嘴角微微上扬,弧度很浅,像是一阵风吹过水面留下的涟漪。如果不是那两个空洞的眼眶和不断渗出的魔气,这个笑容甚至可以说是温柔的。
「沧溟前辈。」我的声音在石室里回荡,带着我自己都不愿承认的颤抖,「你还能听到我说话吗?」
那张脸没有回应。笑容凝固在嘴角,魔气继续从眼眶中流淌。灰白色的魂魄光团在脸的周围脉动,每跳动一次,表面的裂痕就扩大一分。
叶青鸾站在我身后半步的位置,双剑交叉护在胸前。她的呼吸很轻,但我能感觉到她的紧张——握剑的指节泛白,银白色的发丝在魔气的侵蚀下微微飘动。
「封印快撑不住了。」叶青鸾的声音很低,只有我能听到,「魂魄表面的裂痕已经扩展到了核心。最多再过三天,半魂就会彻底崩溃。」
三天。半魂崩溃意味着什么,我们刚才已经从残留记忆中看到了——灵脉封印失去核心节点,魔尊挣脱束缚,天地灵脉被彻底撕裂。
不,比那更严重。灵脉封印维持了万年,已经和天地的灵气循环融为一体。封印崩溃不是简单的「邪物出世」,而是整个天地的灵气网络在一瞬间断裂——那种级别的冲击,足以让沧溟界上所有修士的修为同时暴跌,甚至直接抹杀低境界修士的生机。
「有办法修复吗?」我问。
叶青鸾沉默了几秒。「理论上,用同等或更高境界的剑意注入魂魄,可以暂时修补裂痕。但你的剑心通明是解析之力,不是修补之力。而且——」她顿了一下,「就算能修补,也只是续命。半魂被魔气侵蚀了万年,根基已经烂了。」
续命。不是解决,只是拖延。
——
我走到石台前,蹲下来,用剑心通明仔细感知沧溟半魂的状态。
解析结果让我心里一沉。
半魂的核心区域已经不到原来的三成。其余七成被魔气渗透,形成了一种诡异的平衡——魔气和魂魄交织在一起,你中有我,我中有你,像是两种颜料混在了一杯水里,再也分不开。

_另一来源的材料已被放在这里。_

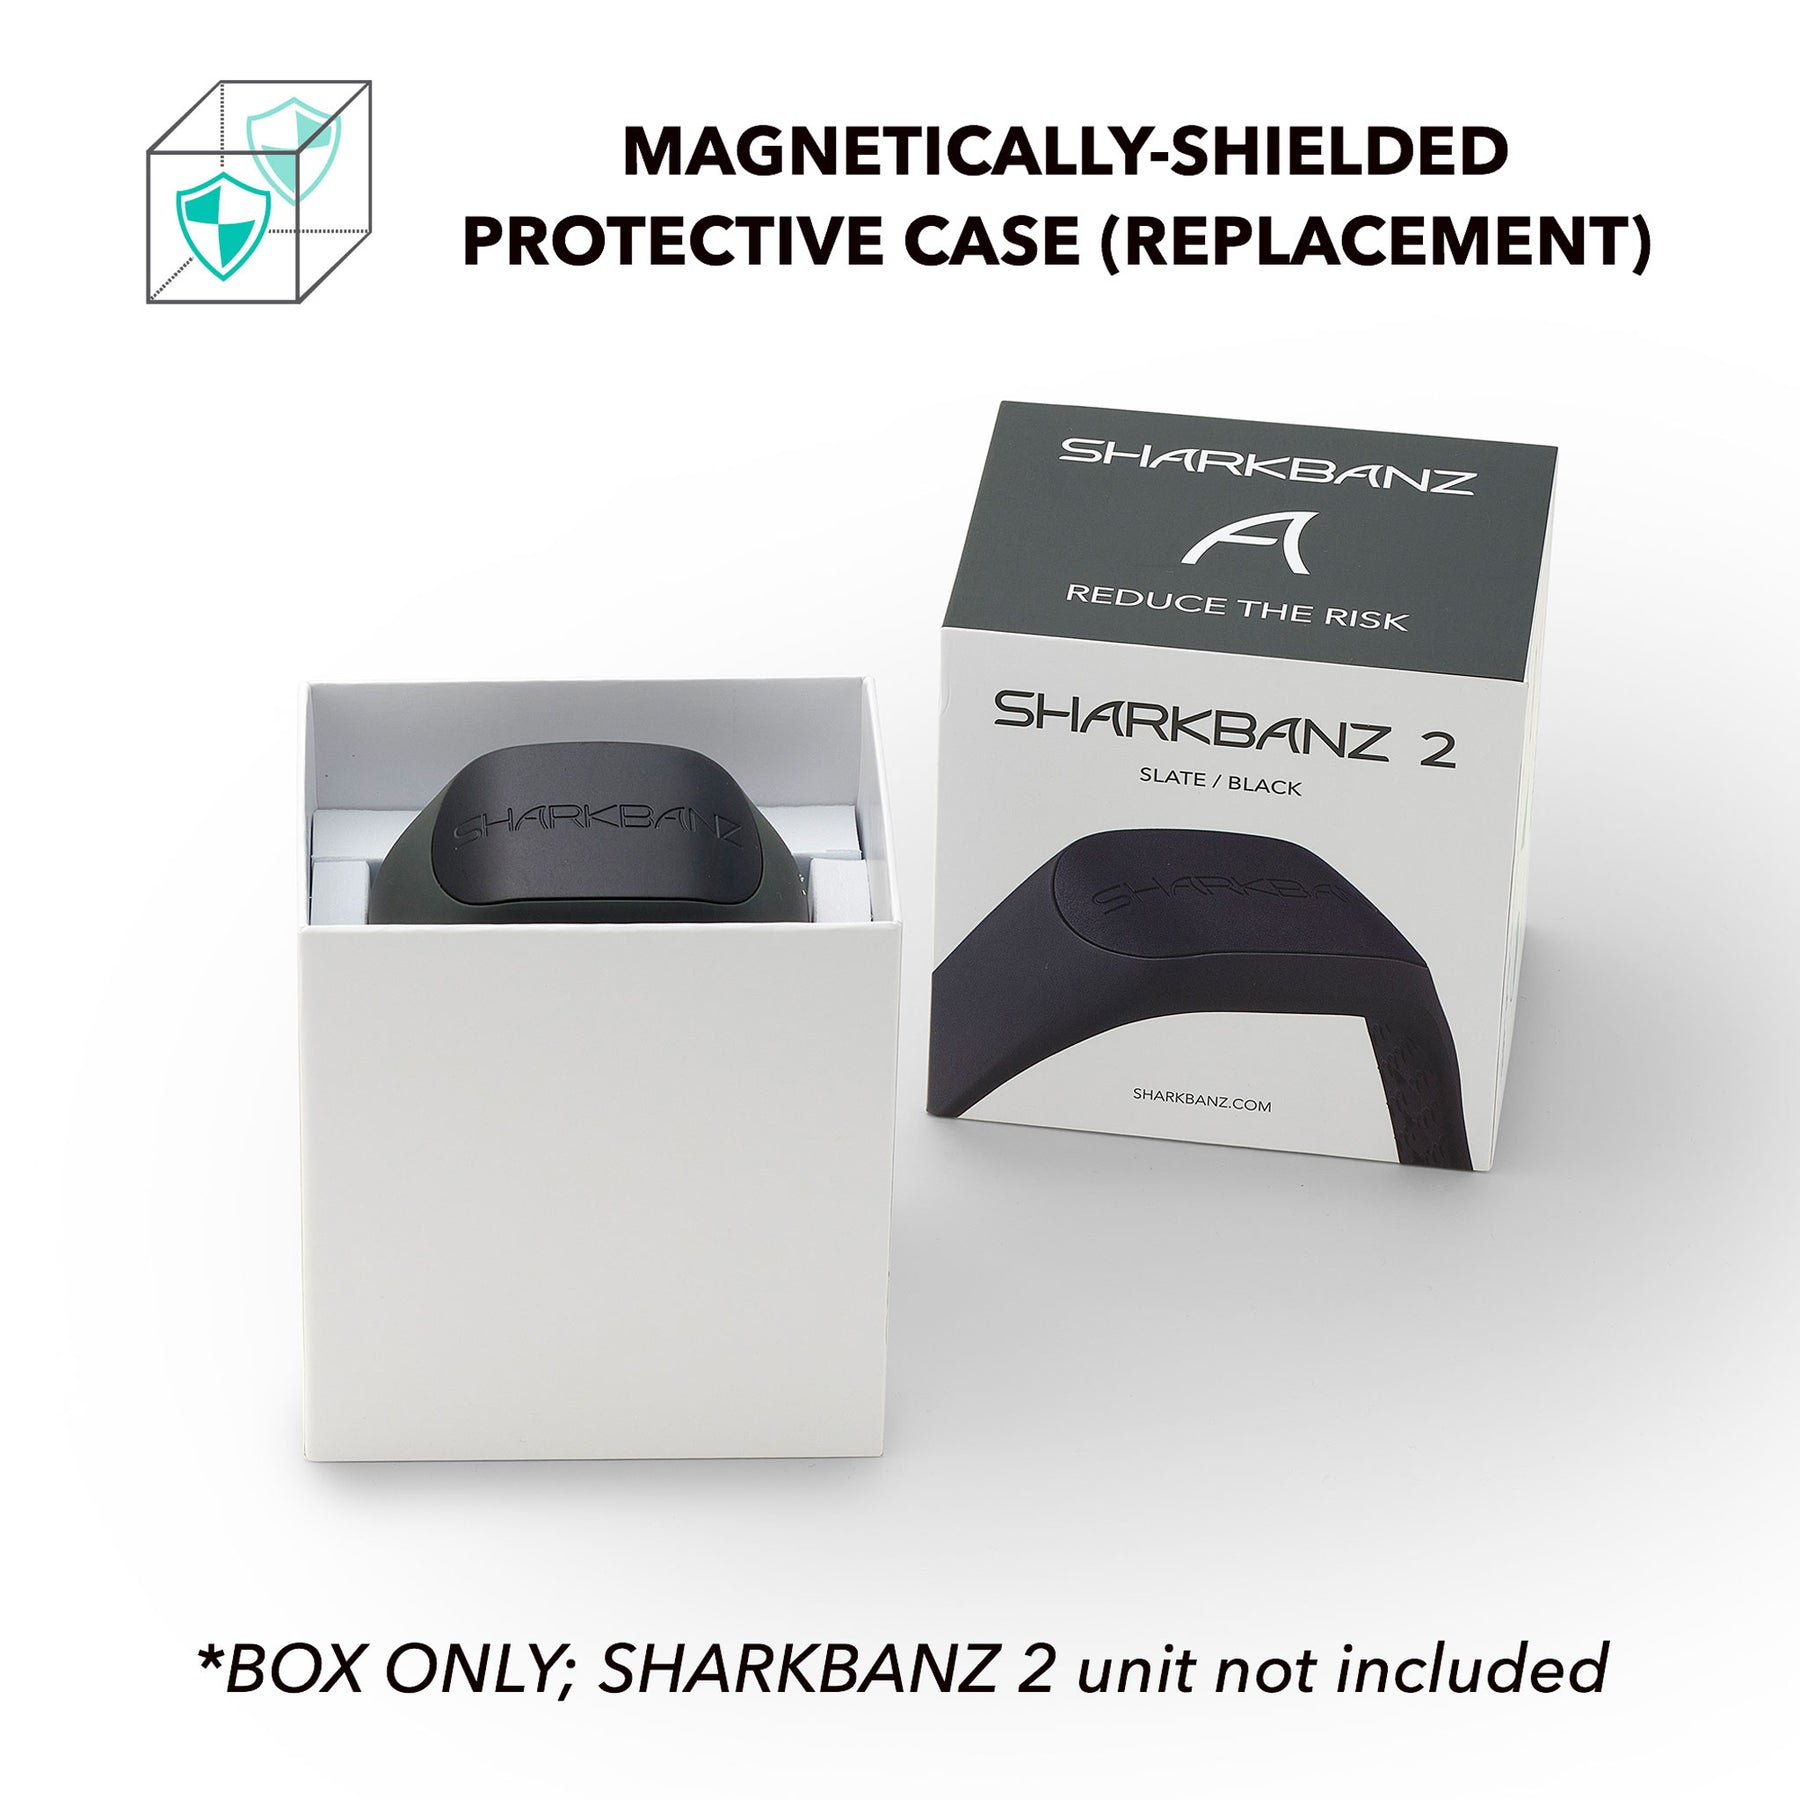 Sharkbanz - Product Care

如果要修复封印,就必须把魔气从魂魄中剥离出来。但剥离魔气的同时也会剥离魂魄——就像从水中把蓝色颜料取出来,取出来的不是纯蓝色,而是带着大量水分的浊液。
「还有一个办法。」我站起来,看着那张凝固的笑脸。
叶青鸾看着我,等我说下去。
「灵脉封印。」我点点头。「沧溟前辈用半魂加固灵脉封印的节点,维持了万年。现在半魂快撑不住了,与其修补半魂,不如直接解封灵脉——让天地自身的力量重新压制魔尊。」
叶青鸾的眉头皱了起来。「解封灵脉意味着释放被压制的灵气。灵气暴涨的同时,末法时代就会终结。这听起来是好事——」
「但灵脉封印和魔尊封印是同一套体系。」我接过她的话,「解封灵脉等于同时解封魔尊。灵气回来了,魔尊也出来了。」
石室里安静了一瞬。远处传来极其微弱的震动——不是脚步声,是灵脉封印在呻吟。那种震动从脚底传上来,穿过石台,传进沧溟的半魂里,让那张凝固的笑脸又裂开了一道缝。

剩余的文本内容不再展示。